Colored in crimson, aged in red-wine barrels and soaked in sour cherry deliciousness—what more could you ask for? A seductive member of Goose Island’s now famed ‘Three Sisters’ group, Madame Rose is one of the brewery’s elusive bottled wild ales that tantalizes and plays with our taste buds from start to finish.

Joining Juliet and Lolita to form the treacherous Three Sisters trio, Madame Rose is expressive and outspoken, pouring on the tart wild ale fun you’ve come to expect from Belgian krieks or Flanders red ales. As sexy and refined as the packaging is, enough already, let’s crack open a bottle of the 2012 vintage to see what’s inside.

Goose Island Madame RoseAfter popping open a chilled 22 ounce bomber, Madame Rose cascades into the glass like a slinky red dress, coating the vessel in a dark cherry color with bright golden hues dancing in the sunlight. A crop of bubbly white head perks up, only to dissolve into a few wisps of film and some spotty lacing.

Now that I’m done drinking with my eyes, let’s take this one step further. Breathe into a swirling combination of sweet and sour scents, punctuated by bushels of cherries and ripe fruit skins. Oak and red wine lurk underneath with Belgian yeast and earth.

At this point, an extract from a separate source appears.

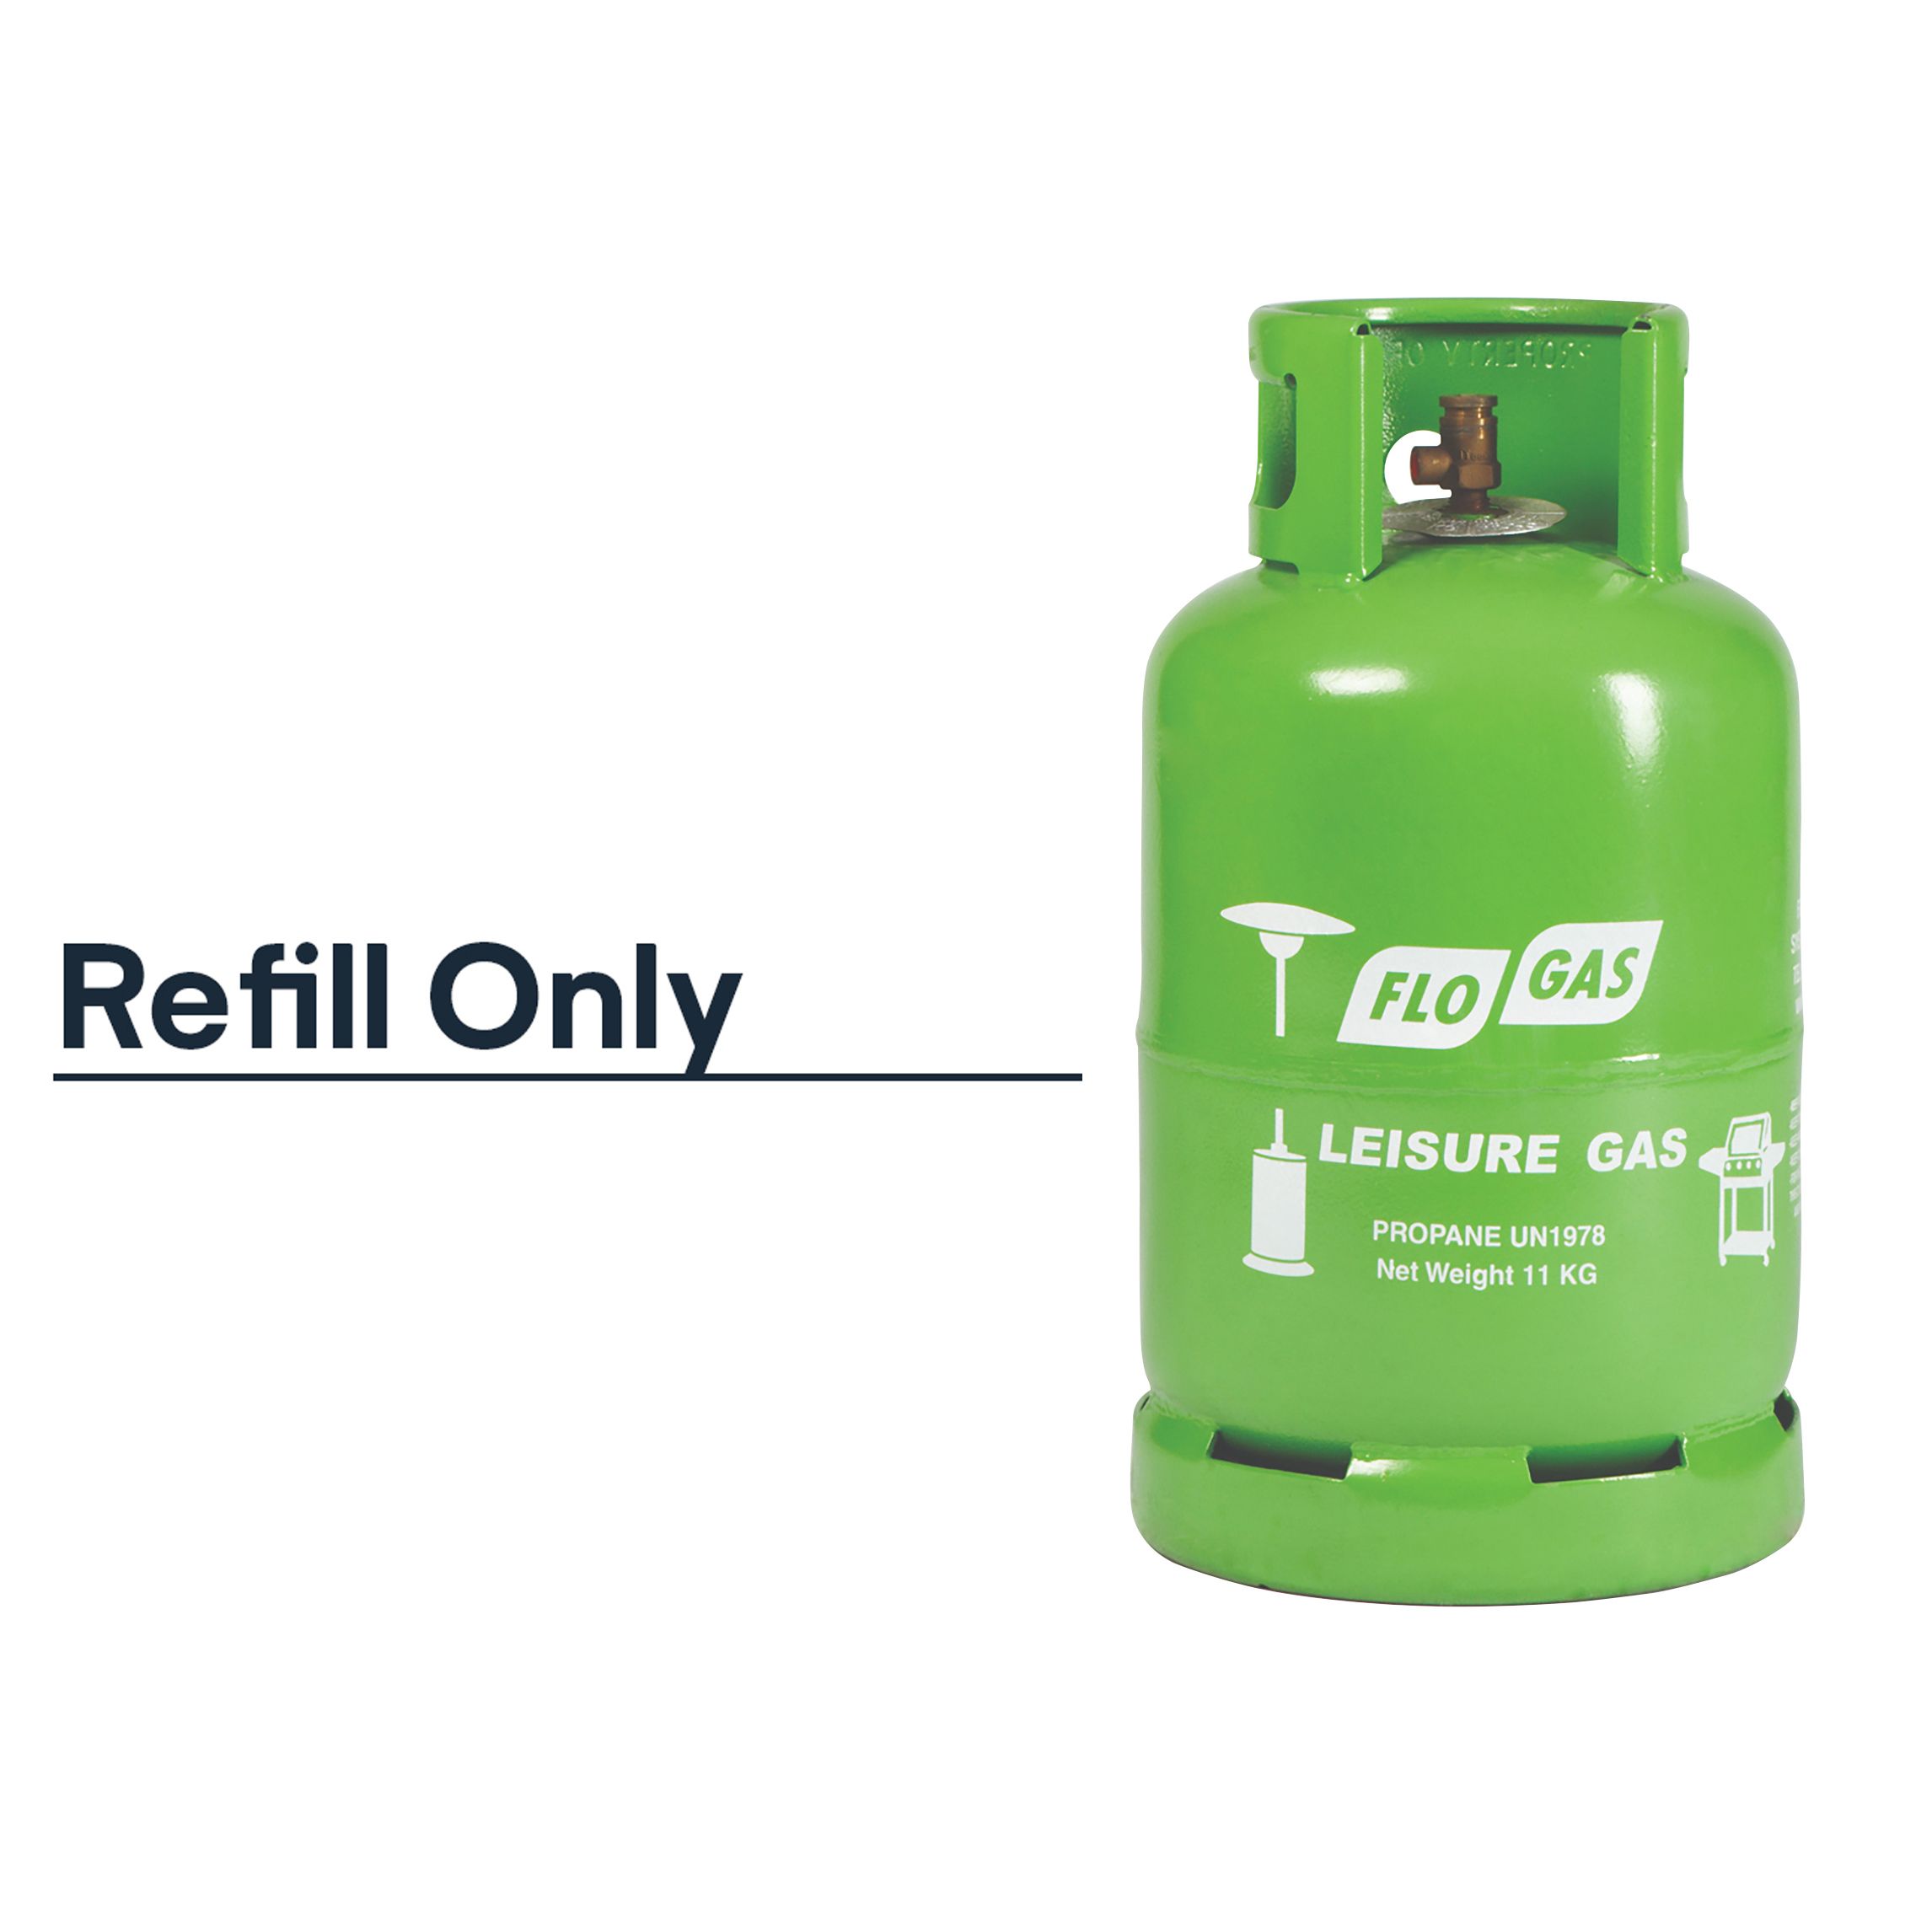 Flogas Leisure Propane Gas cylinder refill, 11kg - Existing contract required

Madame Rose skirts the line between puckering sourness and pleasantly tart, seemingly aiming to keep both the seasoned sourheads and newbies stoked at the same time. The cherries deliver a blast of flavor like stepping on a wild ale landmine, softened by the wine barrels, oak and funky Belgian yeast. Continue to search deeper and unearth mild malted sweetness topped with ripe fruit skins.

Being an unabashed sour, wild ale and lambic fiend, Madame Rose hits the nail on the head, delivering plenty of great cherry and red wine flavor without becoming too acidic or sweet. At 7.1% abv, it’s higher than more traditional Belgian sours, but not quite high enough where it interferes with the flavors.

While this is still a limited release, Goose Island’s production and distribution footprint is dramatically larger than most other breweries creating beers of this ilk, making it easier to locate than something from Russian River or Cantillon. For added fun, search out the other two wild ale temptresses, Juliet (blackberry sour) and Lolita (raspberry sour) so you can get down with the whole group.